Exeter was not the only city to be targeted. 400 people were killed in raids on Bath on two consecutive nights (25th + 26th April), during the raid the railway station was put out of action and communications severely affected. After the raids on Bath Goebbels reported that Hitler intended to “repeat these raids night after night until the English are sick and tired of terror attacks” and that he “shared [Goebbels’] opinion absolutely that cultural centres, health resorts and civilian centres must be attacked… there is no other way of bringing the English to their senses. They belong to a class of human beings with whom you can only talk after you have first knocked out their teeth.”
The 27th of April saw 90 tons of bombs dropped on Norwich; the city was attacked again on the 29th. In all, 222 people died during these raids on Norwich. It was the turn of York on 28th April when high explosive bombs and incendiaries caused a huge amount of damage, including the destruction of the medieval Guildhall. In May there were more raids on Cowes, Norwich, Hull, Poole, Grimsby and Canterbury. The RAF responded by sending 1,000 bombers in a massive raid on Cologne.

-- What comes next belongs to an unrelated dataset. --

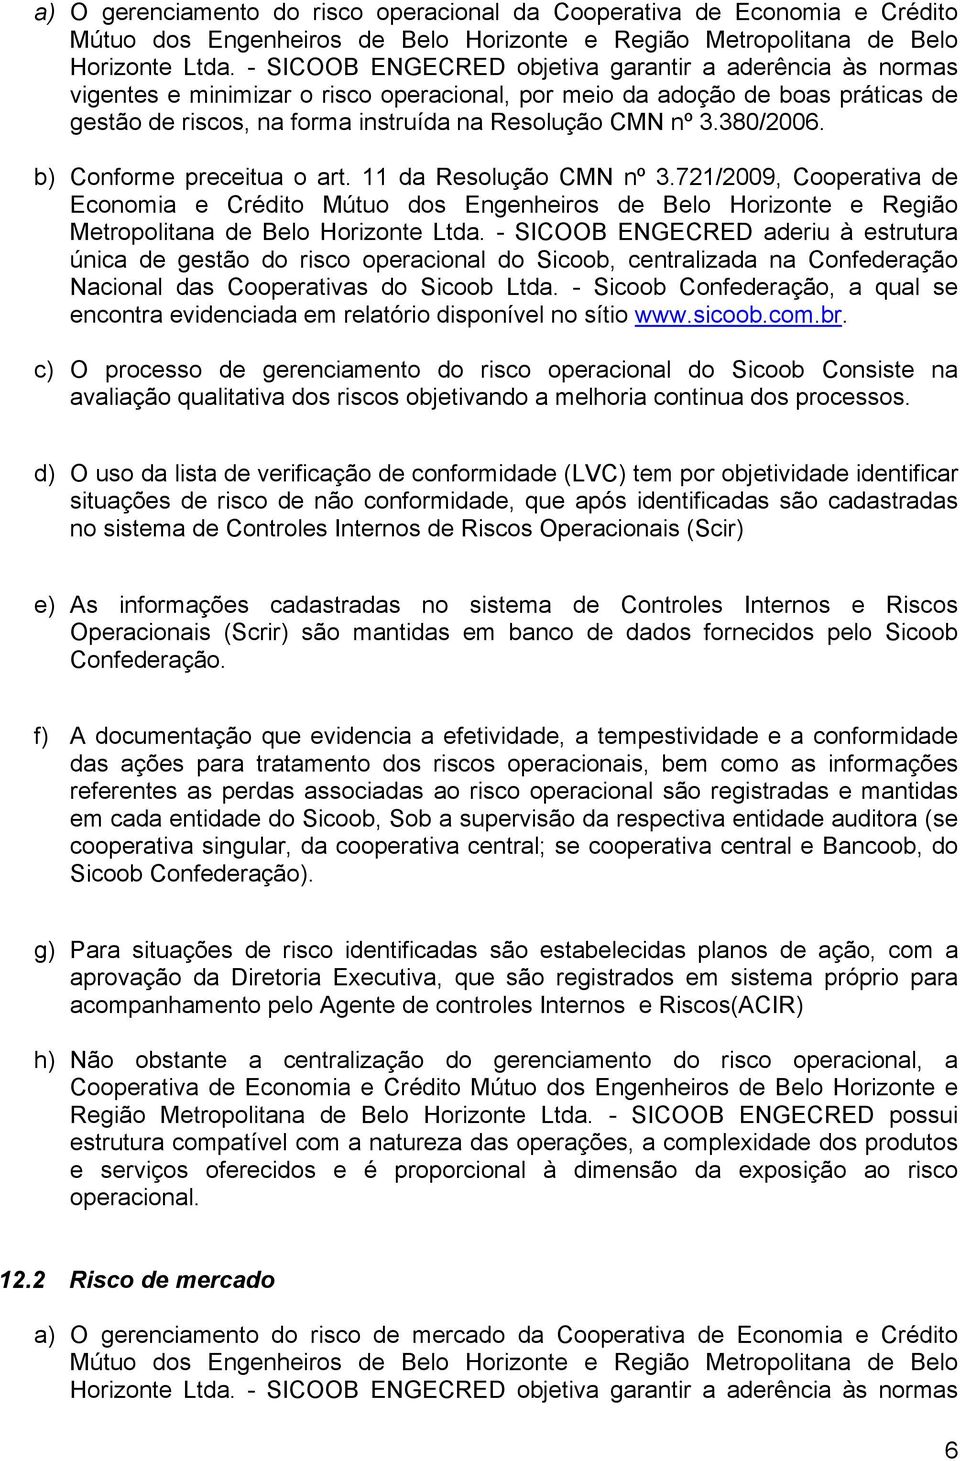 380/2006. b) Conforme preceitua o art. 11 da Resolução CMN nº 3.721/2009, Cooperativa de Economia e Crédito Mútuo dos Engenheiros de Belo Horizonte e Região Metropolitana de Belo Horizonte Ltda.

The German raids on historic cities in England during April and May 1942 were responsible for 1,637 civilian deaths and left another 1,760 injured. Over 50,000 homes were destroyed along with some important buildings such as the Bath Assembly Rooms and the Guildhall in York. But the raids did not cause as much damage as Hitler had hoped, and rather than breaking the morale of the British people it strengthened their resolve to defeat the enemy at all costs. German bomber losses were high and this, coupled with the need for Hitler to reinforce his troops in North Africa and Russia, resulted in a scaling back of attacks to hit-and-run raids on the coast. The Luftwaffe did occasionally raid towns and cities of historic and cultural importance in the months that followed (Ipswich, Poole, Norwich, Bristol, Swansea and Colchester), but these raids were much smaller (about 20 aircraft instead of 40+) and the damage was more limited; even so, by the end of the year over 3,230 people had been killed and 4,150 injured in German air raids on Britain. There were some attacks on towns of no military or strategic value in 1943, but by 1944 the Germans gave up their ‘Baedeker Raids’ as they were ineffective and the losses to the Luftwaffe were unsustainable. London once again became the target, along with the ports which Hitler believed would be used for the Allied invasion of Europe.
In my novel, Heronfield, Bath holds a special significance for two of the main characters, and it is through the eyes of Sarah that we see the significance of the bombings, and the resilience of the civilians whose resolve was strengthened rather than broken by the Baedeker Raids.